Recurrence of UCF also shows a high incidence rate, and many causes can explain this complication as surgical site infection, urethral obstruction or stenosis, poor vascularity, rough surgical techniques, complexity, and lack of surgical experience.[4] There are roles in the repair of UCF to prevent a recurrence, excluding distal stenosis before surgery, doing urethroplasty with healthy, well-vascularized tissue, applying a good covering layer, avoiding ischemia, and rough surgical techniques.[5] Although hypospadias surgery has improved, recurrent UCF continues to be a challenge. Bladder mucosa, fascia lata, tunica vaginalis, and local penile subcutaneous tissue have been used to prevent the recurrence of UCFs.[6,7,8,9]
It has recently been reported that the use of fibrin glue as an extralayer over the urethroplasty has been related to a considerable reduction in fistula rates.[10,11,12] Dohan et al. developed the use of platelet-rich fibrin (PRF).[13] PRF is a fibrin matrix polymerized in a tetramolecular structure containing many leukocytes, cytokines, and platelets.[14,15] Blood components that are beneficial to healing and immunity are concentrated on one fibrin membrane in the form of an immune and platelet concentrate. Tissue healing may be accelerated using it in surgeries involving the mouth, maxillofacial region, and plastic surgery.[16,17] Recently, there has been information on PRF usage in UCF repair.[18] Due to the lack of evidence supporting PRF usage in UCF repair, we conducted this study to evaluate the efficacy of PRF in patients with UCF.
MATERIALS AND METHODS
The present manuscript was prepared in concordance with the recommendations of the CONSORT Statement.[19] The study’s protocol was approved and registered by the Research Ethics Committee of Cairo University Teaching Hospitals (code: MS 429-2021). Parents of eligible patients signed written informed consent before study enrollment.
Study design and patients
We conducted a randomized controlled study that enrolled patients with UCF secondarily hypospadias repair from the period between February 2021 and February 2022. Patients were included if they had a documented UCF after undergoing urethroplasty for hypospadias repair. We excluded patients with a history of repeated hypospadias repair, patients with urethral stenosis or obstruction, and patients with no follow-up data. Eligible patients were randomized in a 1:1 ratio using computer-based randomization software to undergo either local dartos or PRF as a first coverage layer over repair.

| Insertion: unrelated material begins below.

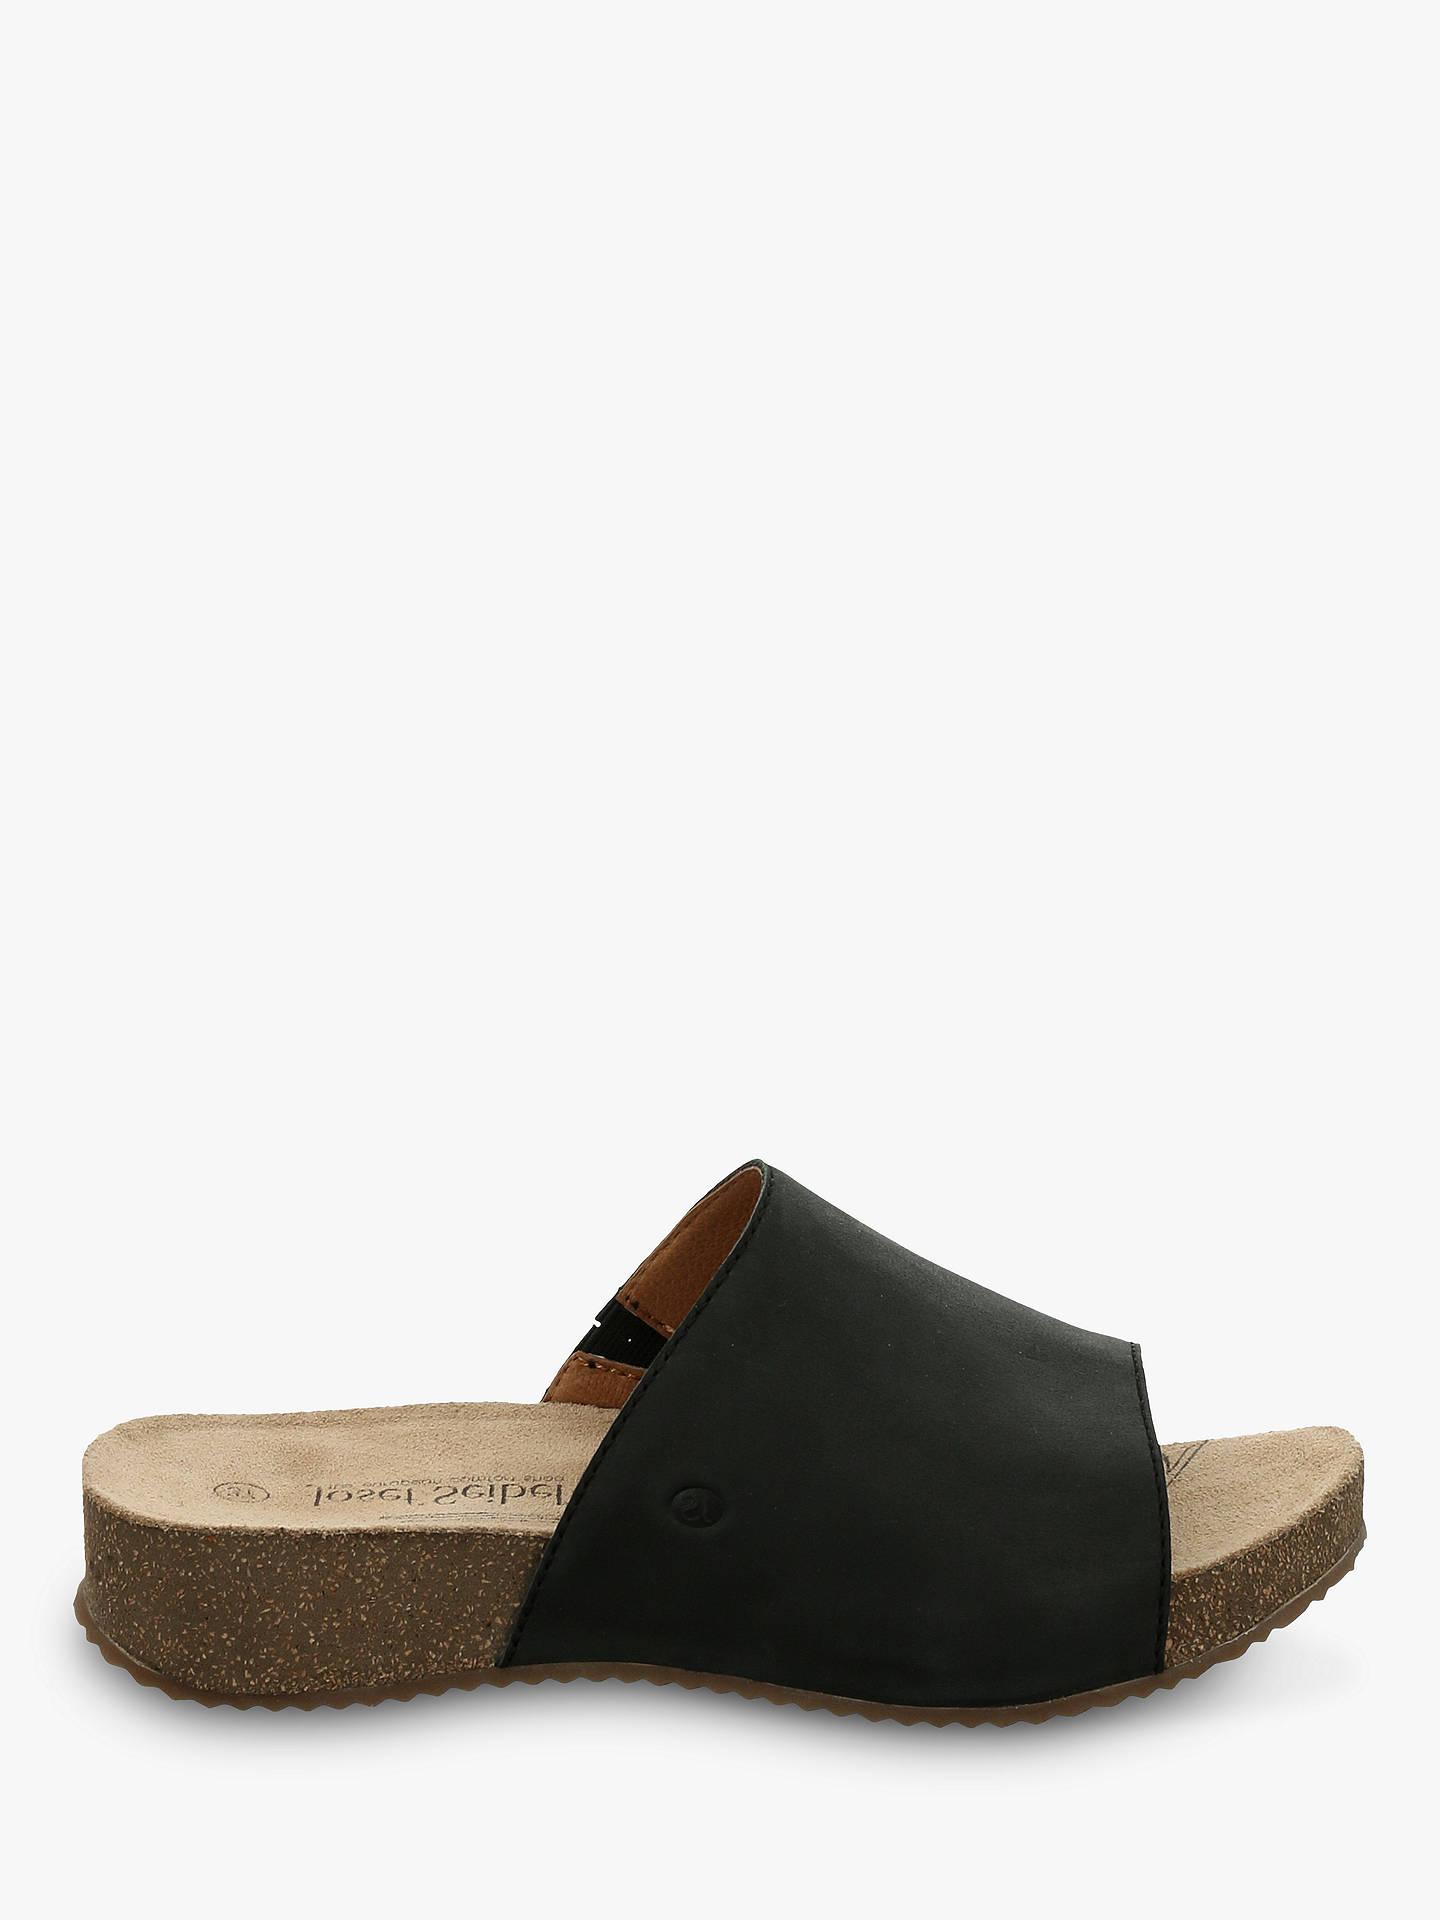 john lewis seibel ladies sandals

Data collection and study procedures
Perioperatively, all patients were assessed for demographic characteristics, urethroplasty technique and type of suture, layers of urethroplasty, fistula characteristics, presence of residual chordee, history of circumcision, presence of meatal opening stenosis, catheter characteristics, and postoperative complications, and presence of fistula, infection, and chordee 3 months postoperatively.
All patients underwent UCF repair under general anesthesia, the fistula was exposed by the circumferential skin incision around it, then the unhealthy devascularized edges of the fistula were discarded, and subsequent repair of the fistula using Vicryl 6-0 sutures over 6 French urinary catheters was done.

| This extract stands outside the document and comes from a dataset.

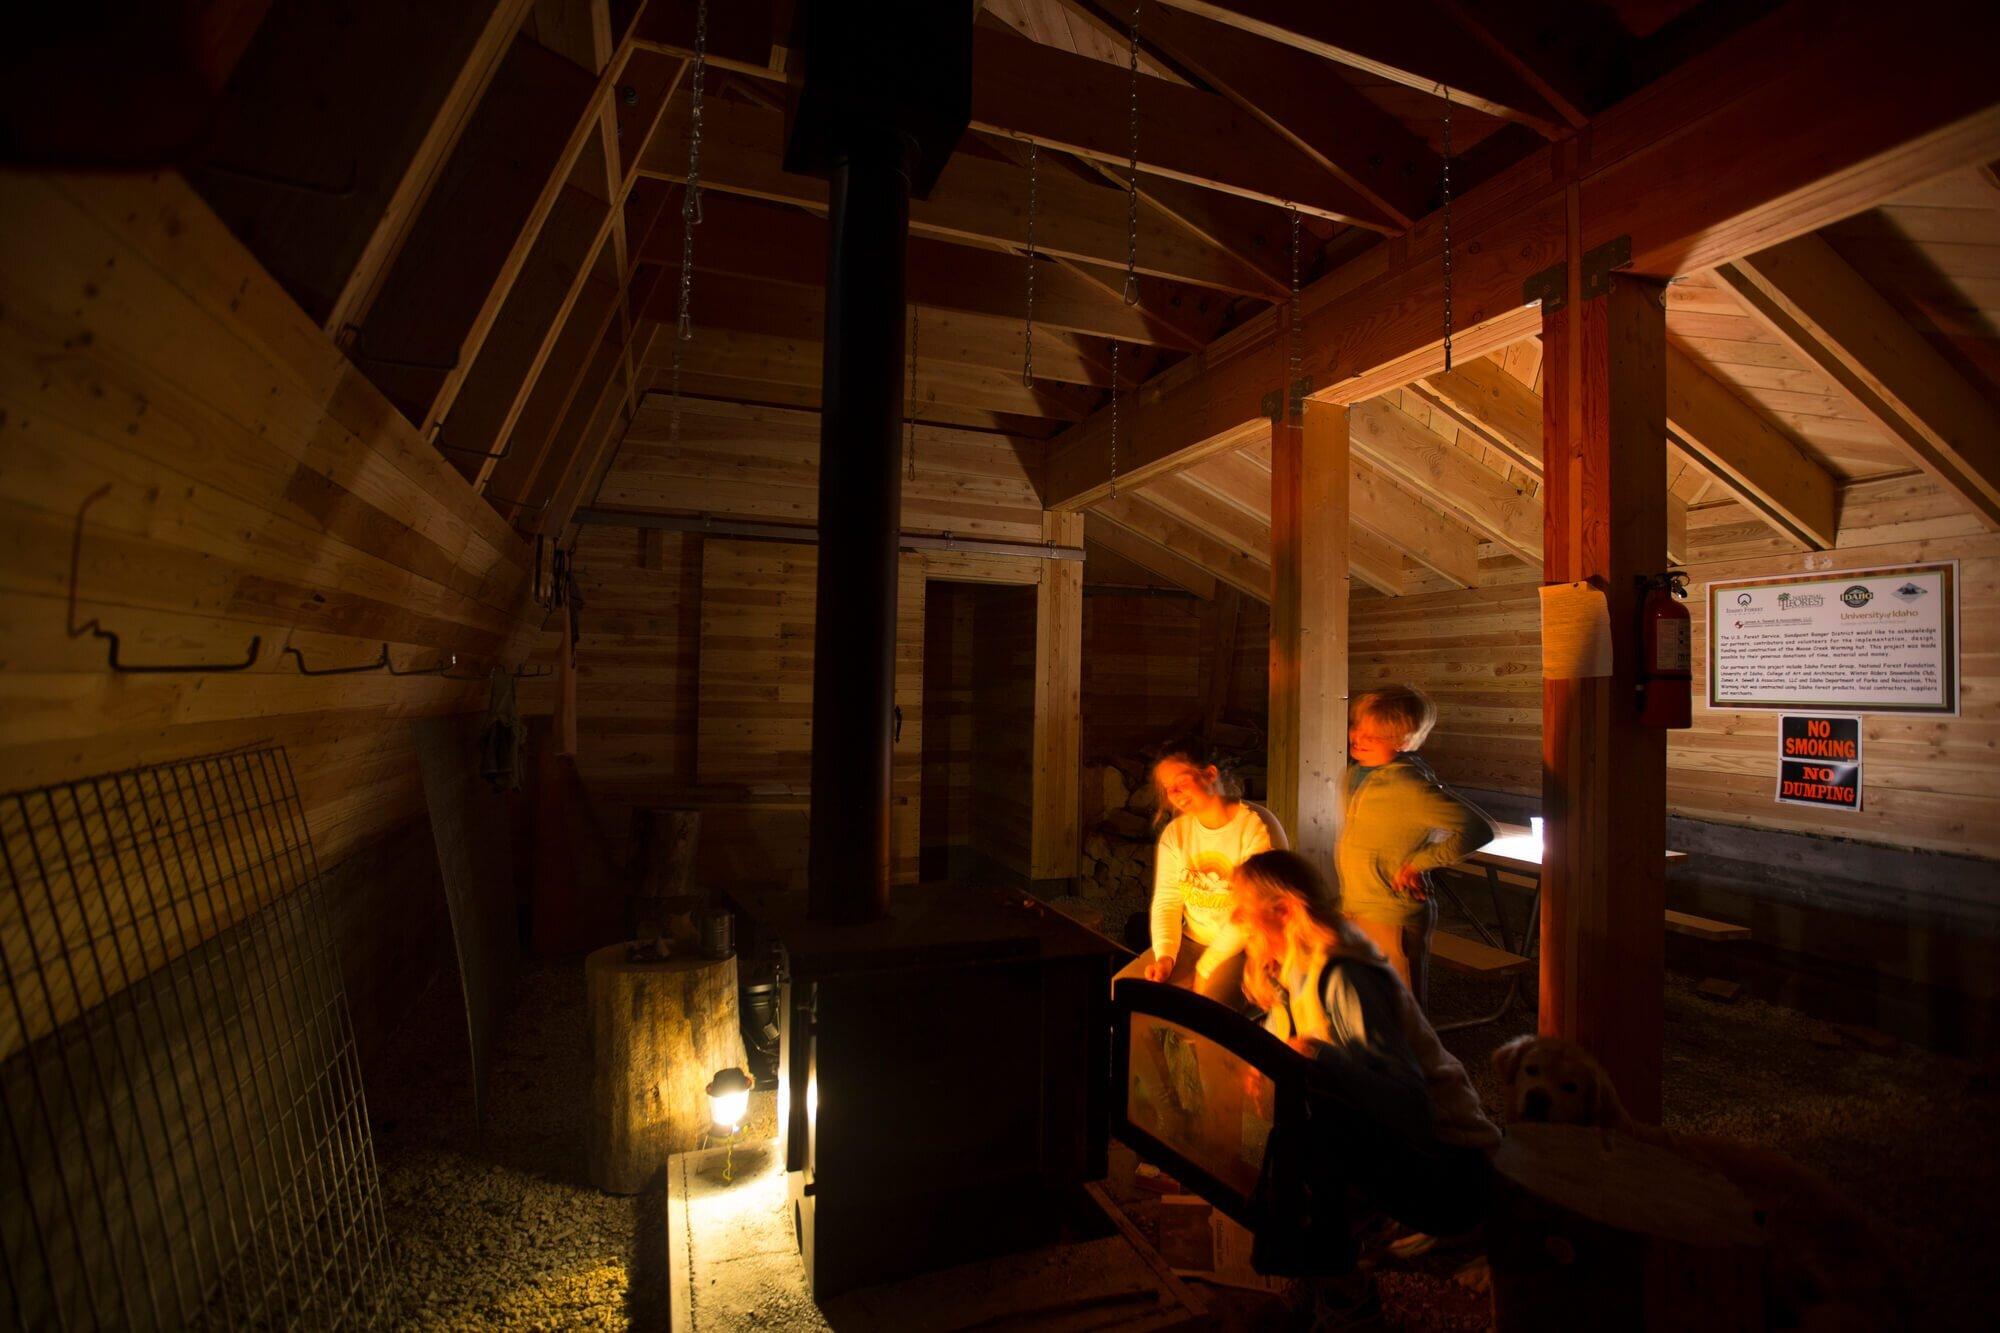 Moose-Creek-Warming-Hut-University-of-Idaho-Design-Build-Program-United-States-14

In the control group, the local dartos flap was acquired from the ventral penile surface by widening the skin incision around the fistula and dissecting the flap from the dartos layer surrounding the fistula, the pedicled flap is then used to cover the repair and fixed using Vicryl 6-0 suture.

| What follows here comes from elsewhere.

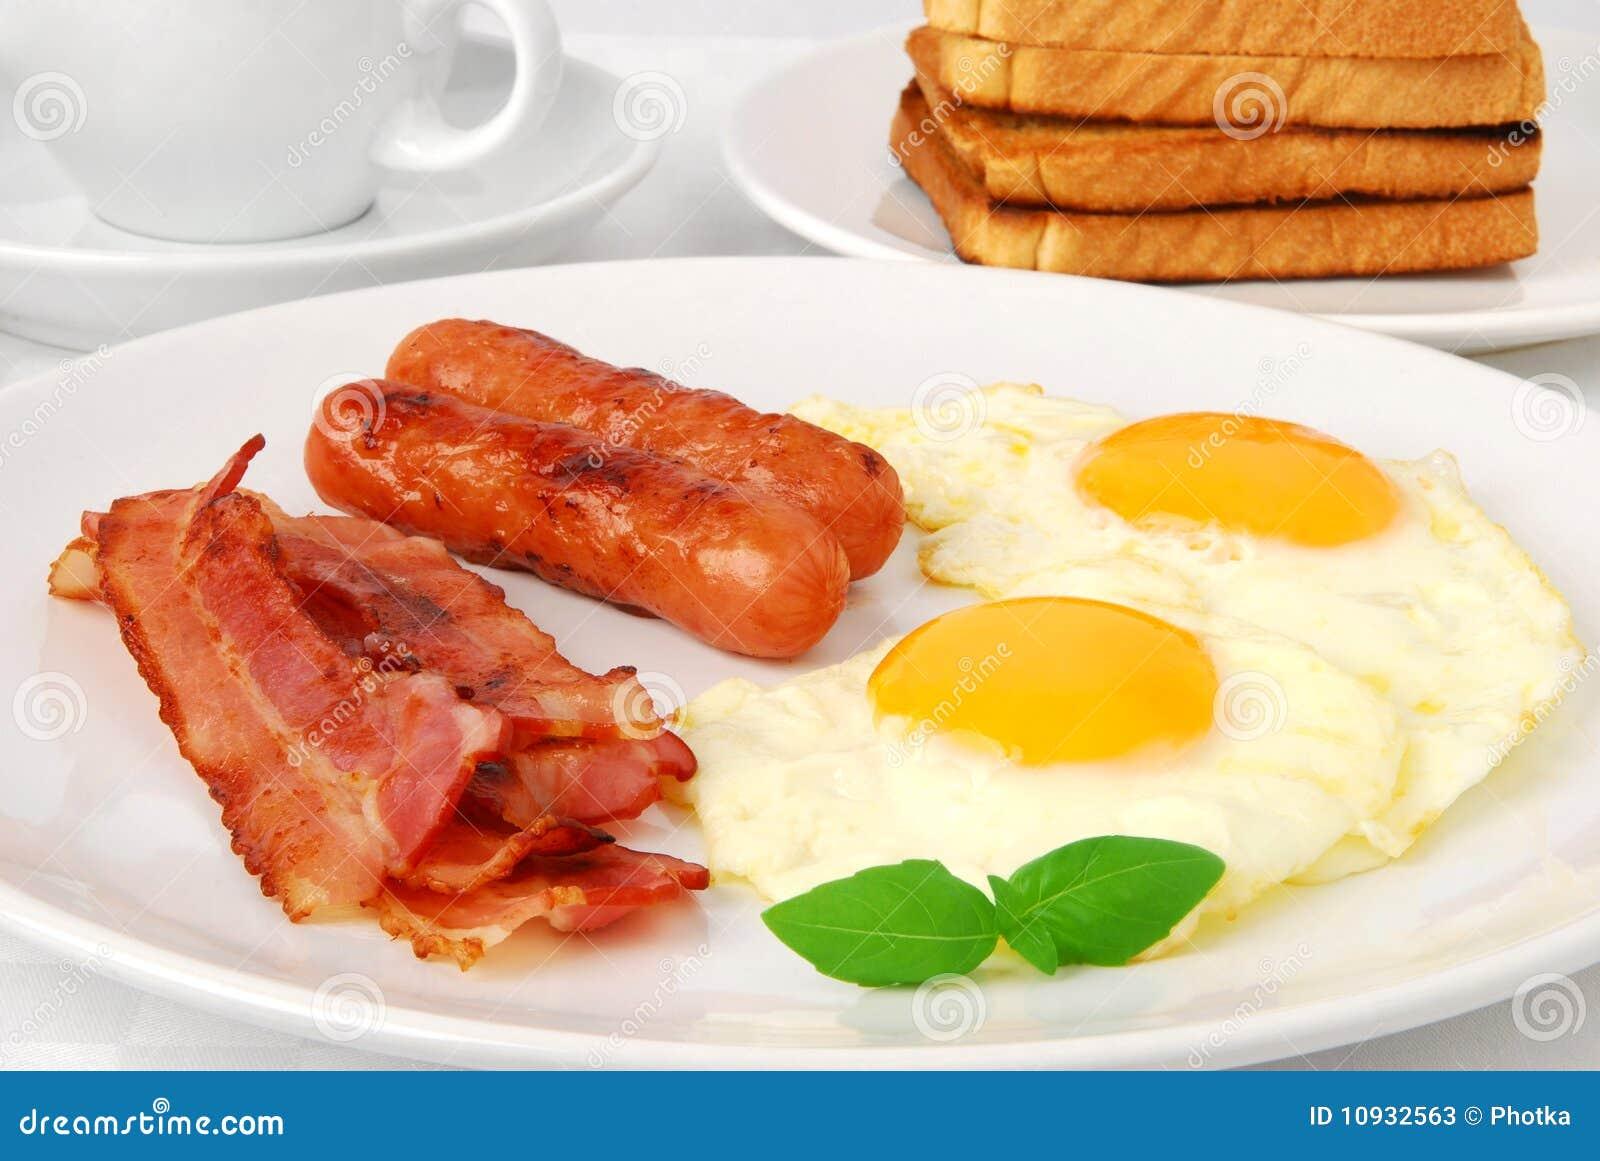 зажаренные яичка завтрака

The study PRF group used the same technique using the PRF membrane as a first layer. The PRF was prepared by withdrawing 5 ml of venous blood and transferring it to a sterilized plastic tube with no additives. The tube was placed in the centrifuge at a speed of 3500 rpm for 20 min. Then, the membrane separation from the other two layers was done, and the PRF membrane was placed in normal saline [Figure 1].
Figure 1.

The tube after centrifuging the blood sample containing the layers of platelet-rich fibrin preparation
For PRF final preparation, it was separated from other attached layers and placer over a piece of gauzed then squeezed gently to obtain the flat layer that could be fixed over the repair [Figure 2].
Figure 2.

The platelet-rich fibrin layer after separation from other layers
The final step was to fix the layer over the repair which was achieved by overlying the PRF extract directly over the repair and fixation in the four corners by Vicryl 6-0 sutures was applied [Figure 3].
Figure 3.

The platelet-rich fibrin covering the fistula repair
In both groups, the skin then closed directly over the coverage layer and the urinary catheter was kept in place.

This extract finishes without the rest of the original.